No final decision has been made on fees for EU students at UK universities after Brexit, the government has insisted amidst reports that fees are set to rise.
The While EU students currently pay the same as those in the UK, BuzzFeed News reported on 27 Aprilthat Education Secretary Damian Hinds is proposing to remove “home fee status” and financial support for EU students who start their courses in the 2021/22 academic year.
Responding to a question regarding this in the Commons from shadow education secretary Angela Raynor, Education Minister Chris Skidmore said that no decision has been taken yet.
Although he did not rule out fees rising, he said discussions were “ongoing and should remain confidential”, calling the leak to Buzzfeed “deeply regrettable”.
He added that the government wanted to ensure that “we, as a country and as a nation, are attractive internationally” to students, not just to those in the EU.
He asked: “Does (Ms Rayner) believe that somehow we should offer a student finance package to European students once we have left the EU? Is it right then that we discriminate against Indian students, Chinese students?”
Currently, tuition fees for international students vary between £10,000 and £38,000 per year for undergraduate courses.

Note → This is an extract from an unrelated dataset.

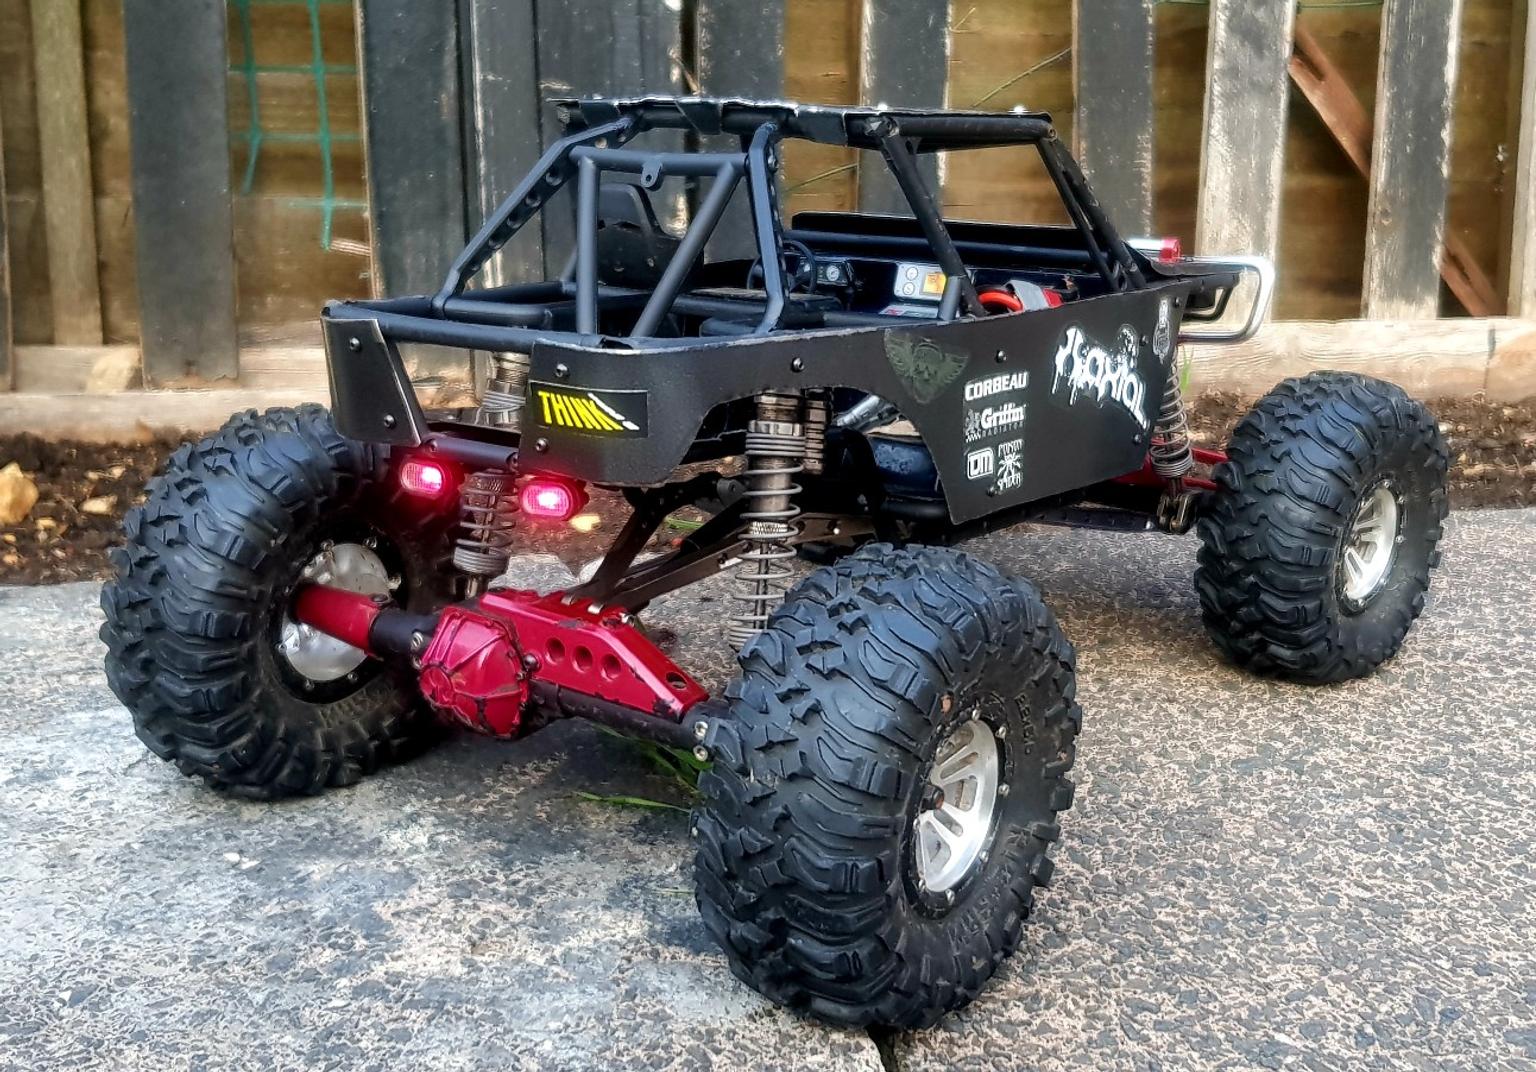 Axial Wraith Rock Crawler Racer Rtr In S70 Barnsley For

Ms Rayner criticised proposals to increase fees for EU students. She told BuzzFeed News: “Time and time again Tory ministers have refused to recognise the vital contribution made by international students, particularly from the EU, in our universities.
“From targeting students in their migration target to leaving the future of Erasmus+ and Horizon 2020 in doubt, they are failing to support our world-leading universities.”
Undermining this system would not only disregard the invaluable contribution of international students, it would also deprive our younger generations of academic opportunities
– Guy Verhofstadt
Guy Verhofstadt, the EU’s Brexit coordinator, expressed his concerns regarding the move in a letter to Prime Minister Theresa May.
He wrote that “the unique and close nature of our current cooperation” in academics and research “has proven to be a major driver for academic excellence and the quality of our students’ education”.
“Undermining this system would not only disregard the invaluable contribution of international students, it would also deprive our younger generations of academic opportunities,” he said.
Liberal Democrat MP for Carshalton and Wallington Tom Brake raised concerns that the EU would likely reciprocate, meaning only the richest from the UK would be able to study abroad in the future.
Former Universities Minister Sam Gyimah was also critical, describing plans to charge EU students morefollowing Brexit as “short-sighted”.
“There is no sense of what is strategic, what is in our interests, including in terms of promoting the English language,” he said.
Replying to whether she feared domestic students would be “priced out of studying at universities in other EU countries”, Ms May said: “I’m pretty certain, for the top 10, we are the only EU country that does have universities in that category. We have excellent universities here in the United Kingdom.”
MPs were told that students would be given “sufficient notice in due course” of the fee levels from autumn 2020.
Currently, 135,000 EU students are studying in the UK. Data collected from Russell Group universities found that in the 2018/19 academic year there was a 3% decrease in the number of EU students enrolling on courses, along with a 9% decrease in postgraduate research students.
Meanwhile, Scotland has announced that they will continue to provide free tuition to EU students until 2024.